§ **What to do**:
Using the listing below, retype exactly the lines starting at the one with "Jose Trujillo Oil Painting of a Bird" and ending at the one with "Vineyard Wallpaper 26360 1366x768 px", and include both.

§ **Dataset records**:
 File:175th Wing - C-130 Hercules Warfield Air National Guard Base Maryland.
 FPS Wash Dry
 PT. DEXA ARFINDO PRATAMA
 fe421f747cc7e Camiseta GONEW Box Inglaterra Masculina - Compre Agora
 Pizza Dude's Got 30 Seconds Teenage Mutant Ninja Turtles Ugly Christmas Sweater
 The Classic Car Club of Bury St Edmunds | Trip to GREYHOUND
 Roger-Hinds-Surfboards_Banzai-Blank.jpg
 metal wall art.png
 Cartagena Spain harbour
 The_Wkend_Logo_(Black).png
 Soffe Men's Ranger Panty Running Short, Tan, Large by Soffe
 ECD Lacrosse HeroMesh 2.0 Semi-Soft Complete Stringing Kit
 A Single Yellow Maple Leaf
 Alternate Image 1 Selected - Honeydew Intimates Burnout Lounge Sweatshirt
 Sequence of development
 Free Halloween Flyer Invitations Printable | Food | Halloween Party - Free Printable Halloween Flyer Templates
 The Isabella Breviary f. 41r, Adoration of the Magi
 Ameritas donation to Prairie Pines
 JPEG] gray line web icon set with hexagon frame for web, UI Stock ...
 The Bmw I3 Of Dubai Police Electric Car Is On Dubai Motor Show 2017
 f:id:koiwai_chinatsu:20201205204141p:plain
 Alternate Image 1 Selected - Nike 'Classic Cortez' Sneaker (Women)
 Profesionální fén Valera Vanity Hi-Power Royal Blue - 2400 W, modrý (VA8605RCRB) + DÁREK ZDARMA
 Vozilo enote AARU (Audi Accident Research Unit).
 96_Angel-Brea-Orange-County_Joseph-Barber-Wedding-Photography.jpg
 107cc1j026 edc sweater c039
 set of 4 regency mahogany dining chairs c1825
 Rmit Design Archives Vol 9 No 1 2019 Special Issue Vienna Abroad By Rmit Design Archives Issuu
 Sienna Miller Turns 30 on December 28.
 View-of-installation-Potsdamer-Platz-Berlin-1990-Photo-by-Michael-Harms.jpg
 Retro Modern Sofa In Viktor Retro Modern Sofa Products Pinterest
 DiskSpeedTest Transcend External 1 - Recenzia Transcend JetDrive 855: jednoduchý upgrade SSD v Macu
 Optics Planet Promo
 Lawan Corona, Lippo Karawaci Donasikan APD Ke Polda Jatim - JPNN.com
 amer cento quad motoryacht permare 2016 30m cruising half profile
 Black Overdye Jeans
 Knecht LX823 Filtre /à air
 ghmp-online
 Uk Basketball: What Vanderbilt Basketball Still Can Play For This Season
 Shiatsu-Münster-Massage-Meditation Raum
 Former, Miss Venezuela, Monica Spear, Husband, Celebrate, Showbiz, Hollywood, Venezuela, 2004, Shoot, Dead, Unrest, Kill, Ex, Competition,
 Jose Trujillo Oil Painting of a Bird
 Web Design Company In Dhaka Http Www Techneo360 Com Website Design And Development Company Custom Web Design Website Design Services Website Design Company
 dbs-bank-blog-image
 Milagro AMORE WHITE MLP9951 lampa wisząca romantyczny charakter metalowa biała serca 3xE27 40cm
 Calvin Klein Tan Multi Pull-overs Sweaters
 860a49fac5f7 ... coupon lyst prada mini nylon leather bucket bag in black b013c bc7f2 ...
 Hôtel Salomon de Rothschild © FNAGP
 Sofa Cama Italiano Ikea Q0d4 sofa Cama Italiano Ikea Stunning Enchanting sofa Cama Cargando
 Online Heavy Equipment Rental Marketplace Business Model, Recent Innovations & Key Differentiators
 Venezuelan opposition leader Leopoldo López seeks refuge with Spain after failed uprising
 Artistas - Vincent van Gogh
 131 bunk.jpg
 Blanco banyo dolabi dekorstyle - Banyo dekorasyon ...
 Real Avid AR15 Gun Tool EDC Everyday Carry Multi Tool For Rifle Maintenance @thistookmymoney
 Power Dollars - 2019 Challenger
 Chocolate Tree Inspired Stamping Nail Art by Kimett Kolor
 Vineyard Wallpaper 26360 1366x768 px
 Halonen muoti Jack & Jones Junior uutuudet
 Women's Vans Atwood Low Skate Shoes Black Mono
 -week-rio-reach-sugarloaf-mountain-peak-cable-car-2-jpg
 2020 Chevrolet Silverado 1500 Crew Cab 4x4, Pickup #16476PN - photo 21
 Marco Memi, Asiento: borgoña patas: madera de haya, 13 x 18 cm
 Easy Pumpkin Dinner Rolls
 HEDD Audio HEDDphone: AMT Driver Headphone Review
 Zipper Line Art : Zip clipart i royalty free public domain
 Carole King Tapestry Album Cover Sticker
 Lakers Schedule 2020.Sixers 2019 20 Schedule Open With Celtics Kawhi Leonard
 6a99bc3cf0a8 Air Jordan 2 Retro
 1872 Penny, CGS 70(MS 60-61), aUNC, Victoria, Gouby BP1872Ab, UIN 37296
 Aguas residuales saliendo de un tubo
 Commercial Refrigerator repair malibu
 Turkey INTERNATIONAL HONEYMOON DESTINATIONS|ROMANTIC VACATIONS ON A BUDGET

§ **Written reply**:
 Jose Trujillo Oil Painting of a Bird
 Web Design Company In Dhaka Http Www Techneo360 Com Website Design And Development Company Custom Web Design Website Design Services Website Design Company
 dbs-bank-blog-image
 Milagro AMORE WHITE MLP9951 lampa wisząca romantyczny charakter metalowa biała serca 3xE27 40cm
 Calvin Klein Tan Multi Pull-overs Sweaters
 860a49fac5f7 ... coupon lyst prada mini nylon leather bucket bag in black b013c bc7f2 ...
 Hôtel Salomon de Rothschild © FNAGP
 Sofa Cama Italiano Ikea Q0d4 sofa Cama Italiano Ikea Stunning Enchanting sofa Cama Cargando
 Online Heavy Equipment Rental Marketplace Business Model, Recent Innovations & Key Differentiators
 Venezuelan opposition leader Leopoldo López seeks refuge with Spain after failed uprising
 Artistas - Vincent van Gogh
 131 bunk.jpg
 Blanco banyo dolabi dekorstyle - Banyo dekorasyon ...
 Real Avid AR15 Gun Tool EDC Everyday Carry Multi Tool For Rifle Maintenance @thistookmymoney
 Power Dollars - 2019 Challenger
 Chocolate Tree Inspired Stamping Nail Art by Kimett Kolor
 Vineyard Wallpaper 26360 1366x768 px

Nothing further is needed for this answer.